We can send additional information about the requests using the headers, like user agent, content type, or authorization credentials. As we have already mentioned that the .setopt() of PycURL allows us to add additional information about the requests, so we will use this method to add headers as well. Let's see how it's done.

import pycurl
from io import BytesIO

# Create a new Curl object
curl = pycurl.Curl()
# Create a BytesIO object
responseBuffer = BytesIO()

# Set the URL to fetch
curl.setopt(curl.URL, 'https://httpbin.org/headers')

# Set custom headers
customHeaders = ['Authorization: Bearer mytoken', 'User-Agent: MyCustomAgent']
curl.setopt(curl.HTTPHEADER, customHeaders)

# Set the WRITEFUNCTION option to redirect the response body to the responseBuffer
curl.setopt(curl.WRITEFUNCTION, responseBuffer.write)

# Make the request
curl.perform()

# Get the HTTP response code
responseCode = curl.getinfo(curl.RESPONSE_CODE)
print('Response Code:', responseCode)

# Get the response body from the response_buffer
responseBody = responseBuffer.getvalue()

# Print the body of the response
print('Response Body:', responseBody.decode('utf-8'))

# Close the Curl object and the response_buffer
curl.close()
responseBuffer.close()

We set two custom headers (Accept-Language and User-Agent) by setting the curl.HTTPHEADER option to a list of strings containing the header names and values. We then perform the request and retrieve the response body as before.

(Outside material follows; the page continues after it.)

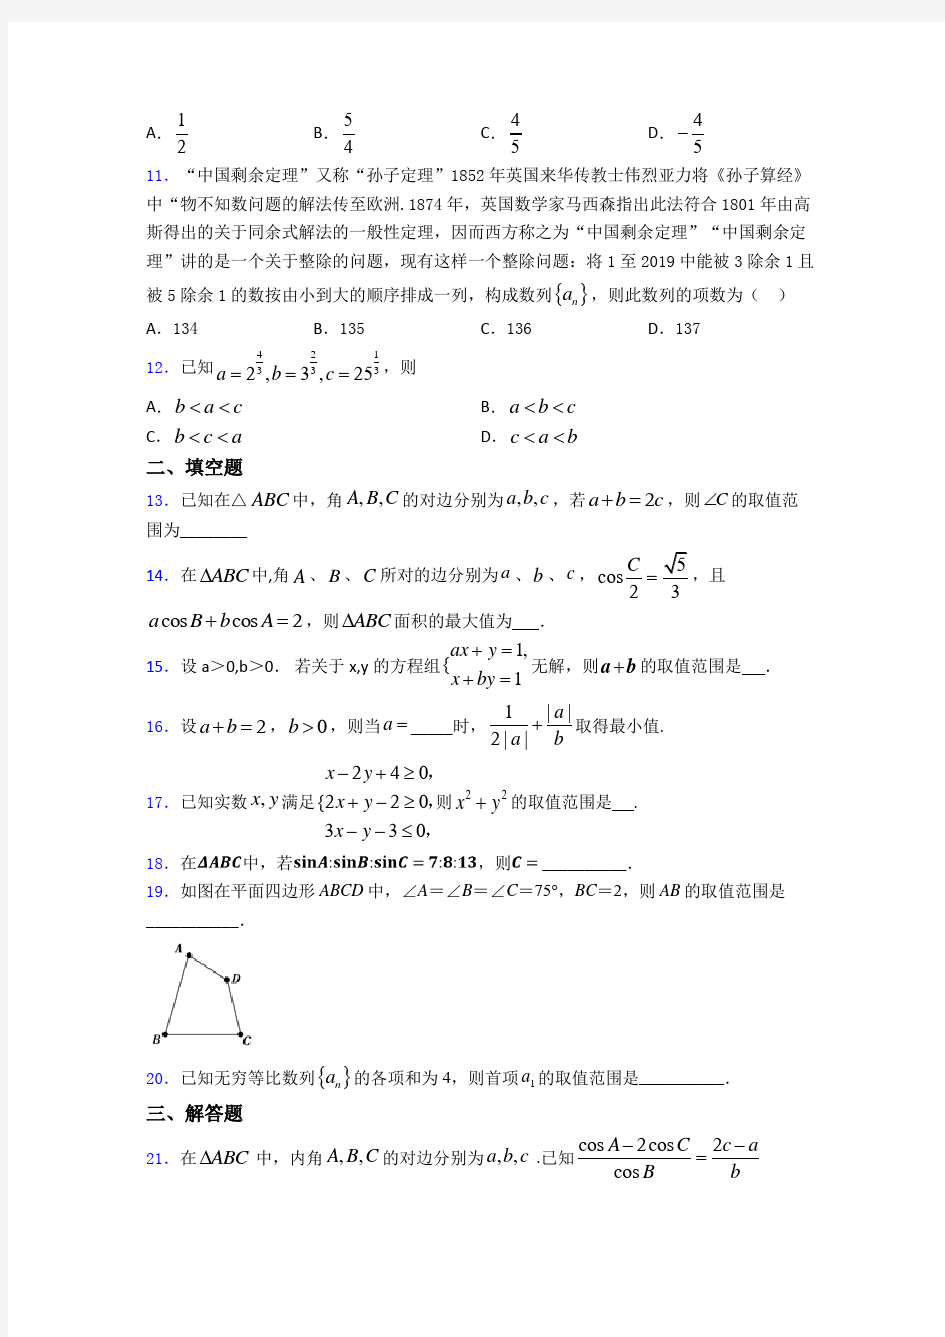 2019年高三数学上期中一模试题(附答案)(2)

What’s the future of web scraping in 2023?
Tech, legal, market changes, and web scraping trends.
Web scraping trends in 2023

How to Handle redirects in cURL requests with Python

An HTTP redirect is a way to tell a browser to request a different URL instead of the one originally requested. In simple words, when a user tries to access a specific URL, the server automatically takes the user to an alternative URL. It happens in cases when the owner of the website changes the URL or wants the user to see a better version.  In the case of alternative URLs, the website is accessible through both the URLs, the newer and the older ones.

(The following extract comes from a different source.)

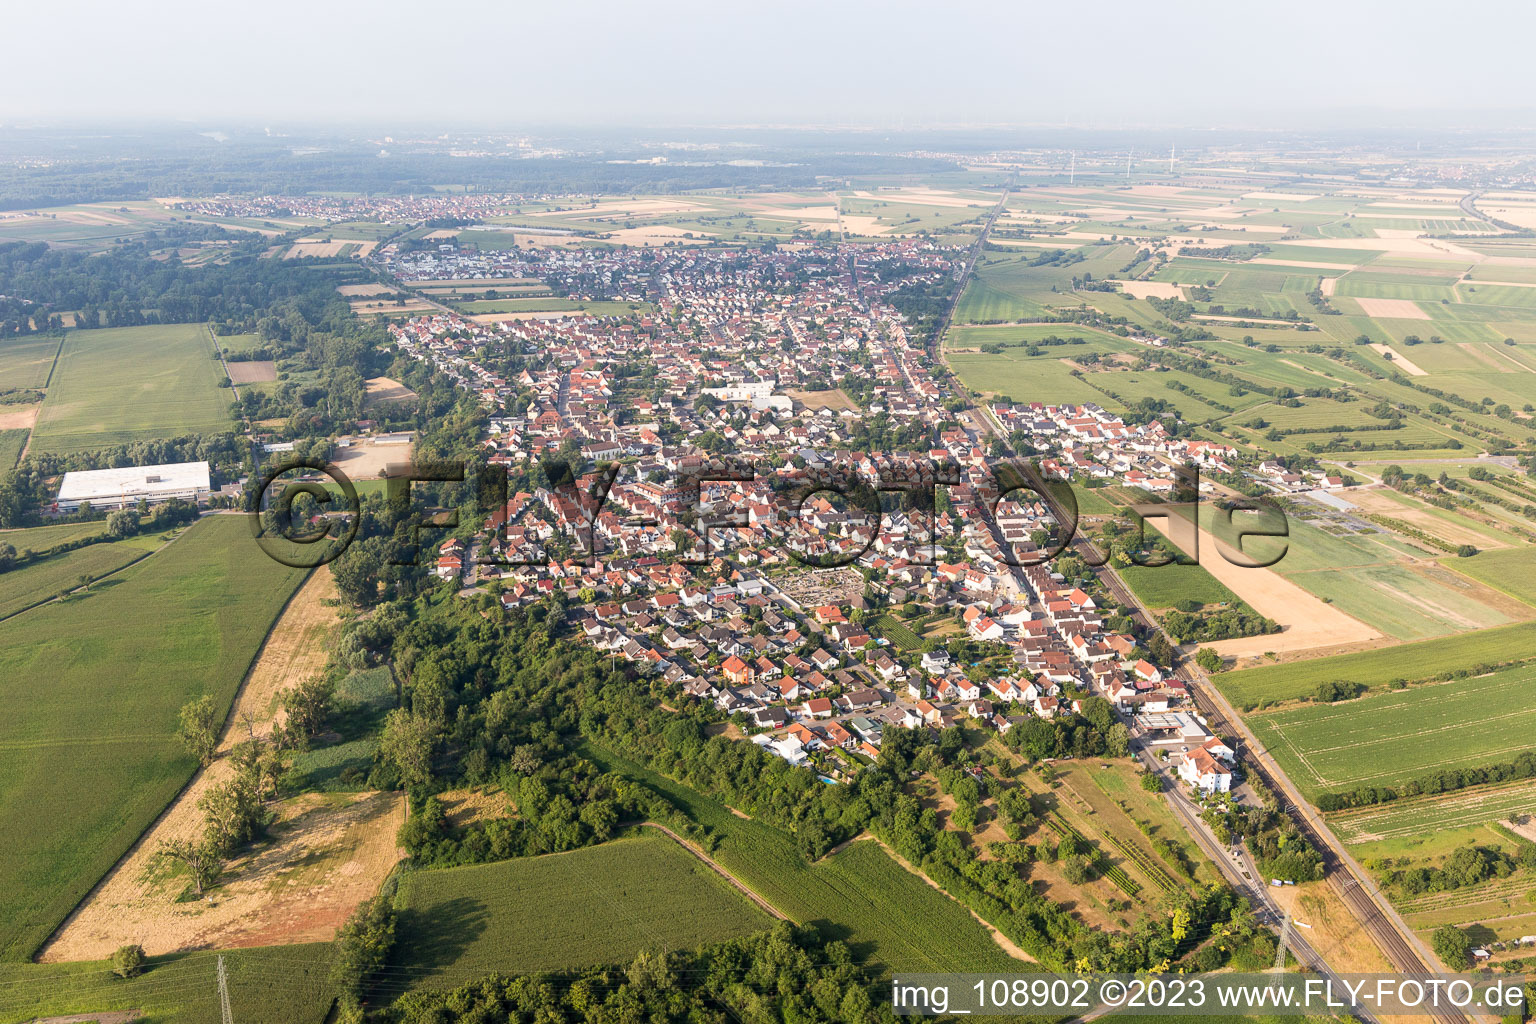 Quartier Berghausen in Römerberg dans le département Rhénanie-Palatinat, Allemagne hors des airs

pycurl do not automatically follow the redirects. We can configure pycurl to follow redirects using the curl.setopt() method.

import pycurl
from io import BytesIO

# Create a new Curl object
curl = pycurl.Curl()
# Create a BytesIO object
responseBuffer = BytesIO()

# Set the URL to fetch and follow redirects
curl.setopt(curl.URL, 'http://httpbin.org/redirect-to?url=https%3A%2F%2Fwww.google.com')
curl.setopt(curl.FOLLOWLOCATION, 2)
# Write the data in the responseBuffer
curl.setopt(curl.WRITEDATA, responseBuffer)

# Perform the request
curl.perform()
# Get the response body
response = responseBuffer.getvalue()
# Print the response
print(response.decode('utf-8'))

# Close the Curl object
curl.close()
# Close the buffer
responseBuffer.close()

We set the curl.FOLLOWLOCATION option to True to instruct cURL to follow redirects. We also set the curl.REDIRECT_LIMIT option to 2, which limits the number of redirects that it will follow.

How to handle cookies in cURL requests with Python?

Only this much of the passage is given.